Dave Warner, communications director for the National Pork Producers Council, said in an email that the council is working with the FDA to develop data collection and reporting metrics on antibiotic use. The National Pork Producers Council has also lobbied for “adequate funding” for those efforts, he added.
“There weren’t many (any) surprises in the report,” he said.
Several members of Congress — Sen. Kirsten Gillibrand (D-New York), Sen. Dianne Feinstein (D-California), Sen. Elizabeth Warren (D-Massachusetts), Rep. Rosa DeLauro (D-Connecticut) and Rep. Louise Slaughter (D-New York) among them — have pushed for stronger laws when it comes to antibiotic use in agriculture.

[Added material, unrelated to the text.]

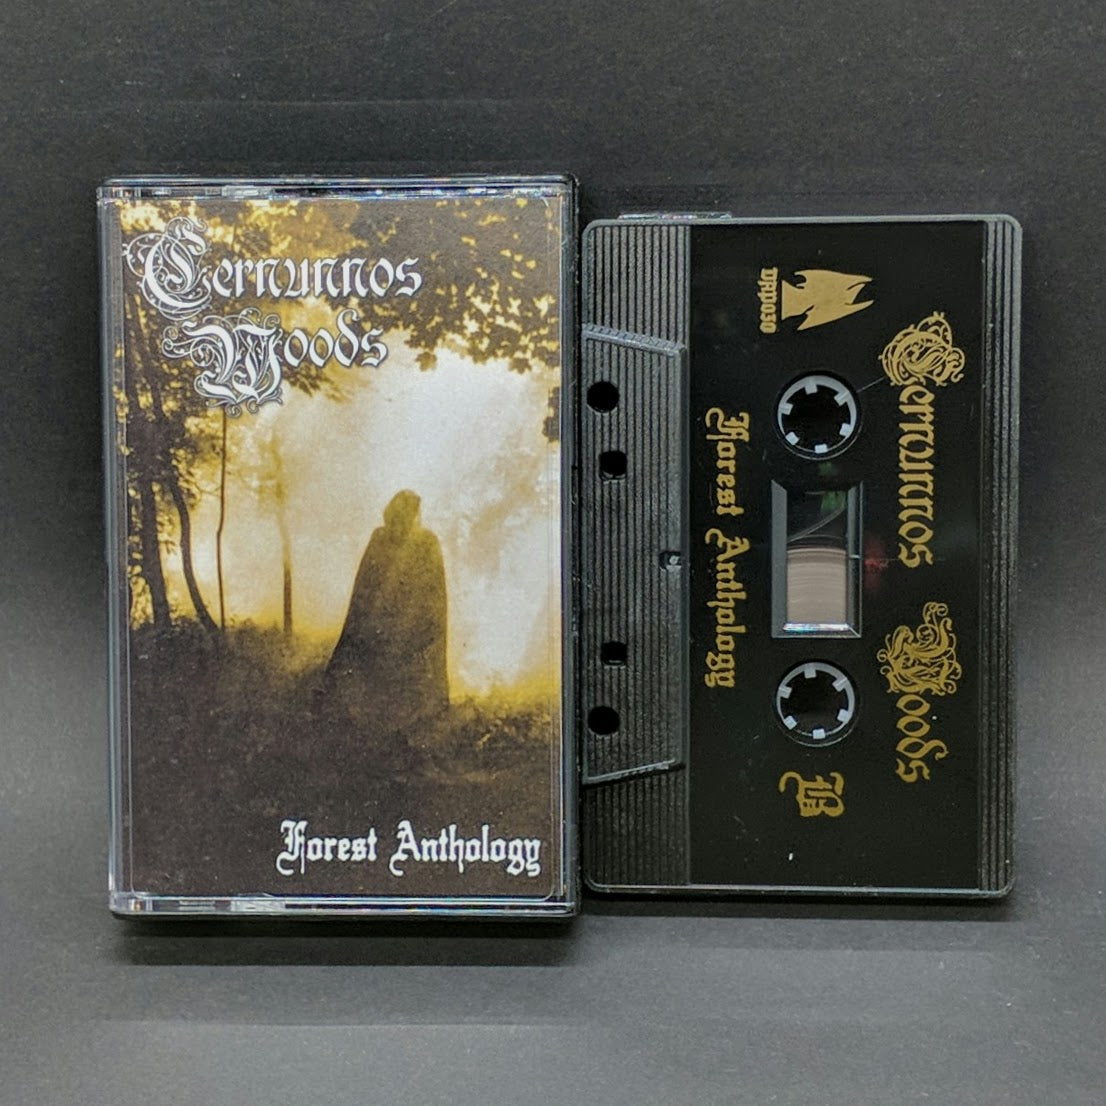 [SOLD OUT] CERNUNNOS WOODS "Forest Anthology" Cassette Tape

“Antibiotic resistance is one of the biggest public health threats we face and we need a comprehensive response to preserve the effectiveness of antibiotics,” Feinstein said in 2015 after first introducing the Preventing Antibiotic Resistance Act, which sought to require the FDA to stop allowing the use of key, medically-important antibiotics in agriculture unless drug makers could prove use would not pose a risk to human health.
The bill was reintroduced in March of this year.
PredictGov, a system for predicting legislative outcomes, gives the bill a 1 percent change of being enacted.
Despite concerns, industry officials argue that stronger laws, including ones that set hard targets for the amount or weight of antibiotics used, might make the problem worse.
“It may actually push people to use more important and more potent antibiotics,” Warner said. “Instead, we advocate measuring outcomes related to stewardship to assess our continued improvement of responsible antibiotic use.”